Ultimately, Cook argues that
the only salient objection is whether “military intervention might not
attenuate the civil war or might make things worse and, I would add, the
American people do not want to become involved in another Middle Eastern
imbroglio.” Yet failing to weight the cost of exercising a capability
makes assessing the actual risks and benefits of a campaign impossible. For
example, interventions that provide minor or discrete but not decisive advancement
to our objectives in a conflict can often be very sensible if they require a
limited amount of force at low risk, but far more questionable when limited
gains come at massive expense even when the risk is low.
If anything, the Israeli
strikes provide a useful insight into everything a NFZ will not or cannot be.
The Israeli strikes aim at specific, identifiable direct threats to vital
Israeli interests and use the smallest force and lowest risk possible to
eliminate those threats. The Israelis may not be able to solve the problem of
potential arms transfers to Hezbollah writ large, but standoff strikes against
discrete targets do not tie down Israeli forces enough to make it a distracting
quagmire.
A NFZ, on the other hand, massive
amounts of aircraft and munitions in both standoff and air superiority roles to
even deliver the basic goal of grounding the Syrian air force. A Syrian NFZ
presents an even larger operation than the Libyan air campaign, and one that is
likely to be even less effective, especially if it is a pure NFZ that refrains
from the additional aircraft, munitions, and ground/intelligence efforts that
would be necessary to support a campaign to target the Syrian army.
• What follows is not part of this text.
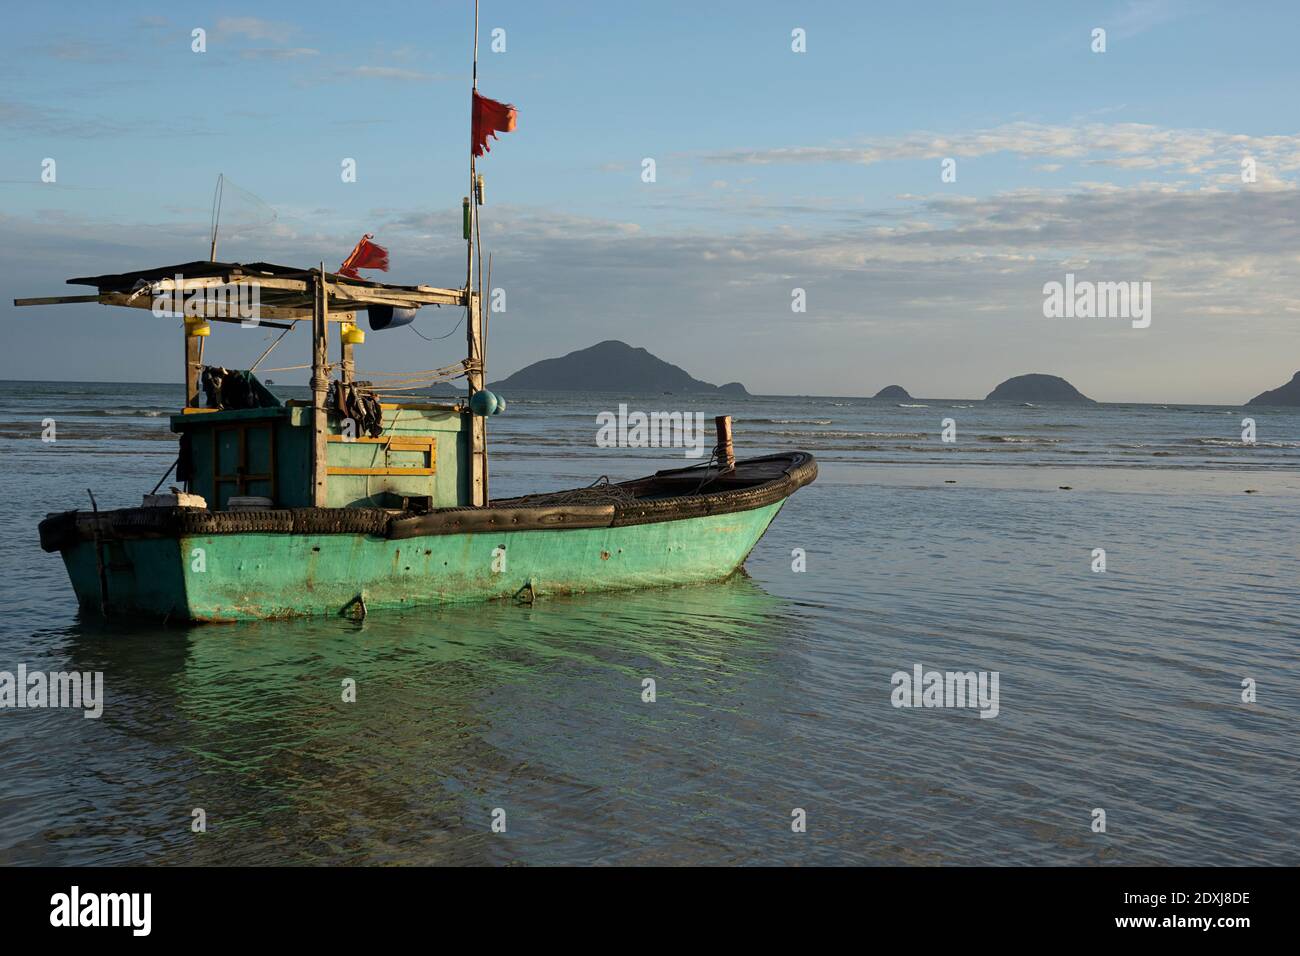 Small fishing boat on the beach at low tide in Vietnam Stock Photo

Syria’s mix
of ground forces and paramilitary groups appear far more combat effective than
their Libyan regime equivalents, and, even without air cover, would not be
operating at crippling loss without their air force (Syrian aircraft appear far
more competent at terror bombing than tight close-air support).
Whereas Israel can pick and
choose which targets to engage and which raids to forgo, a NFZ is an open-ended
commitment that requires a major aerial (and likely naval) presence until the
Syrian government capitulates. Even if the U.S. is operationally capable of
imposing such an outcome, it is entirely fair to argue the requirements of such
an operation would make such a minor improvement in the Syrian situation
insufficient to grant that capability a strategic logic. The operational
requirements of a NFZ are great and yet they only seem to ameliorate U.S.
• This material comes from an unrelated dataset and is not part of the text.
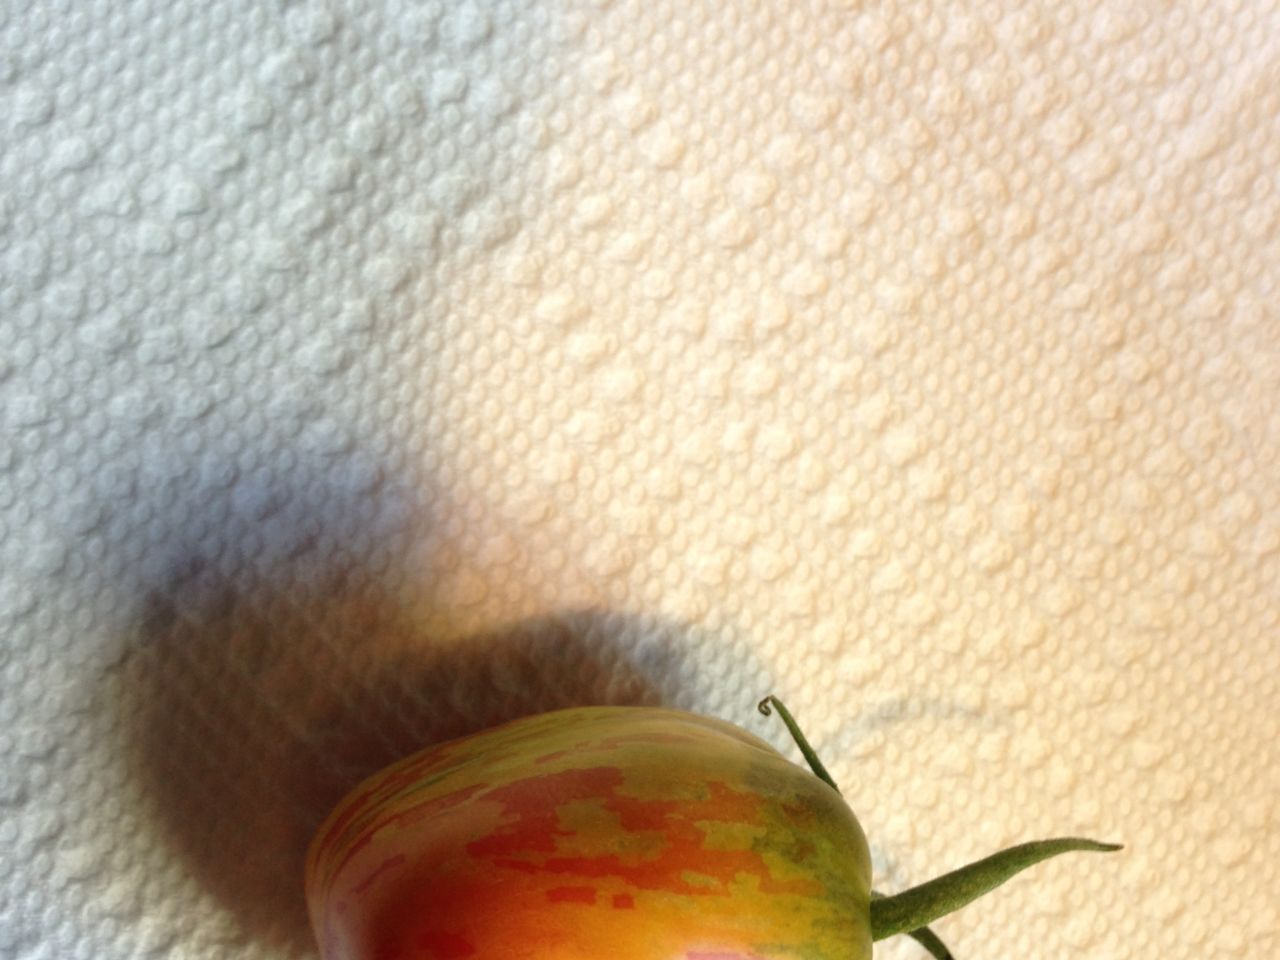 This heirloom Green Zebra tomato is almost too lovely to eat. Almost.

concerns about Assad-rebel fighting, but provide only nebulous and indirect
ways of addressing other key concerns in the region. Syria’s military may be
puny on its own, but launching a massive operation for the sake of stripping
away one instrument in a civil war while the U.S. is limited in its fiscal
means and faced with far more direct challenges (if ones less immediately
violent) to its interests elsewhere merits scrutiny of the means required.
Large aerial operations against third world militaries were attractive and
appealing in the 1990s when the U.S. enjoyed greater flexibility and little
fatigue or fiscal trouble in its armed forces, policymakers must now make
harder choices.
The fifth objection that Cook
recognizes as legitimate – concerns about the efficacy or potential harmfulness
of intervention – is not independent of the other four. The requirements of
dismantling rather than evading Syrian air defenses and the opportunity costs
of expending those resources absolutely weigh upon whether an intervention’s
effect on a conflict makes for good strategy and policy. Through parsing why the
Israeli strikes are so different from U.S. operations, the disproportionate ratio of requirements to outcomes, the dubious clarity of objectives, murky parameters for action all become even more obvious in contrast.